School Life

 

 

 

 

 

Observation: Prisoners in America have it made…  See I think that they complain too much.  If we really want to make the criminals in America pay for their crimes.  Then we should send them to public school in Japan.  I never knew cold until I stepping into school on Monday.  You know its cold when you just want to turn around and go back outside. 

 Fact:  Prisons in America have some kind of heat.  Schools in Japan have none.  No, I didn’t make a mistake.  There’s no heat in my school.  I have to race down with my the hallways so I can beat the drafts that are nipping at my heels. 

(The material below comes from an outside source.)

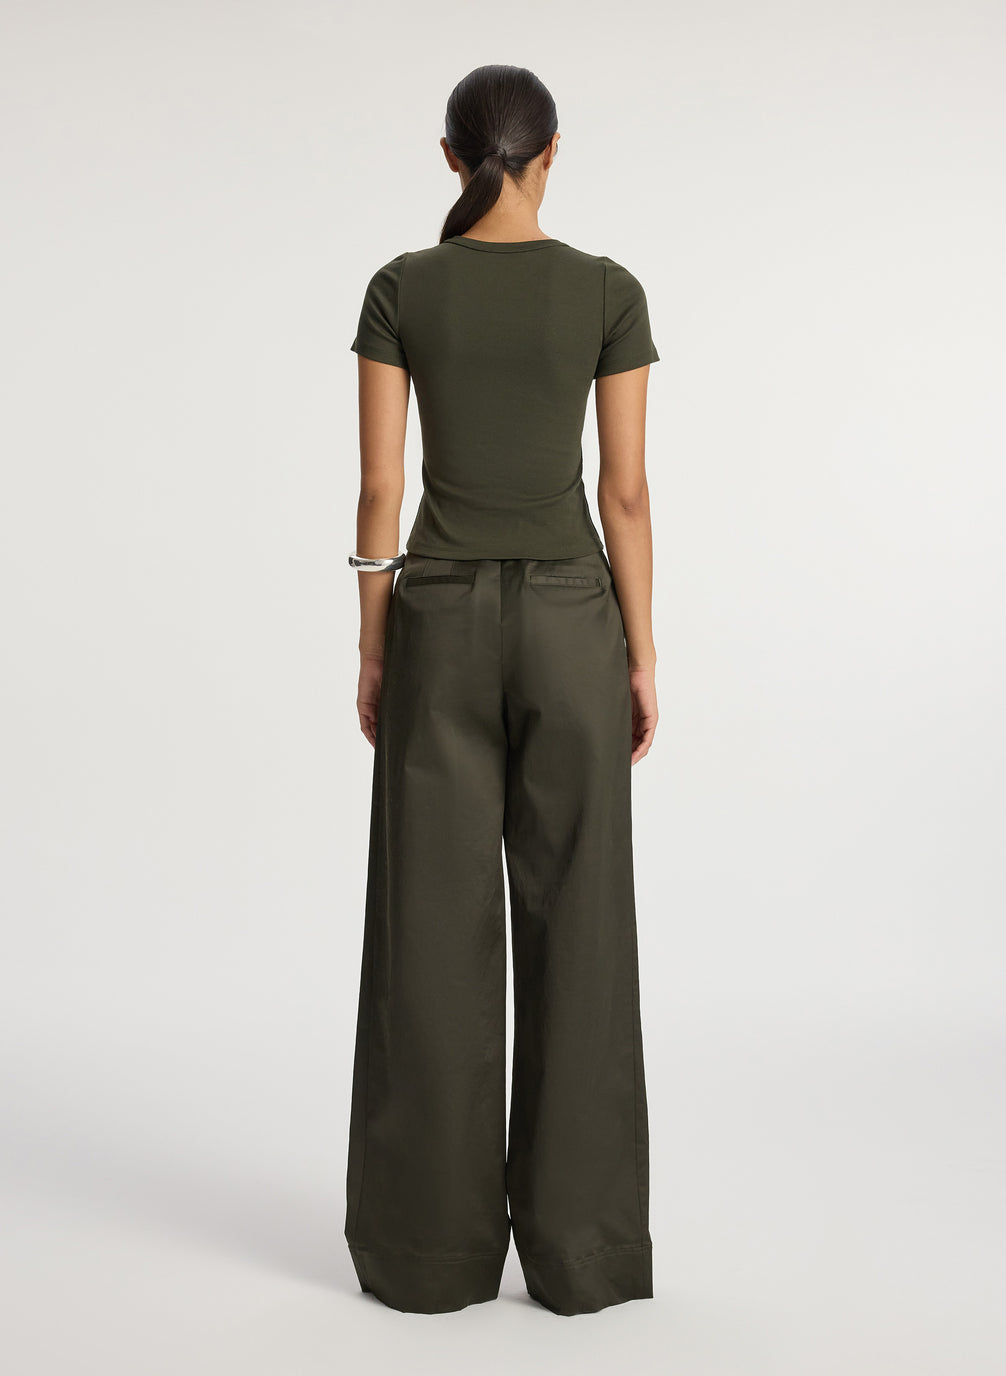 back  view of woman wearing olive green tshirt and olive green wide leg pants

Then I see the students.  They make me even colder.  Here, I am bundled up looking like I’m about five months pregnant and they’re wearing shorts and a thin long sleeve zip up that someone had the nerve to label a jacket.  The girls that aren’t going to and from gym class have to wear skirts.  Now this is when I want to go all-Scottish on the Japanese men who run the school system.  They should all have to wear skirts (sans hose) in the middle of winter.  Their bonny legs would be knocking harder than a Toyota in bad need of a tune up.   

So here I sit in the computer room typing out this email and I’m popping cough drops like they’re a last meal.  I work up feeling fin this morning walked into school and was welcomed into class with a chorus of coughing.  Can we say: tuberculosis, pneumonia, influenza, flu, and sinusitis?  Yes all those things and more.  When I took an informal poll about how all my students were doing.

  Out of 100 kids almost 75% said they were cold while the rest said they were sick.  I was impressed because usually they don’t respond, but this last week they’ve been quick to say one word: COLD.  So when I get some free time or when my fingers stop shaking, I will write my Congressman a letter suggesting that prisons should not be heated and that all the money saved by the taxpayers should go to save the shivering kids and teachers in Japan.

PS.  As I was tying this letter I noticed that there is also no heat in the computer room.  Then I realized it’s only November and I have to walk alongside the train tracks to and from school for the rest of the term.  After I had finished coughing up at least half of my congested lungs a Japanese teacher informed me in a highly amused voice that the coldest month in Japan is February.  Sitting here looking at the frost inside the window, I wonder if I will survive that long.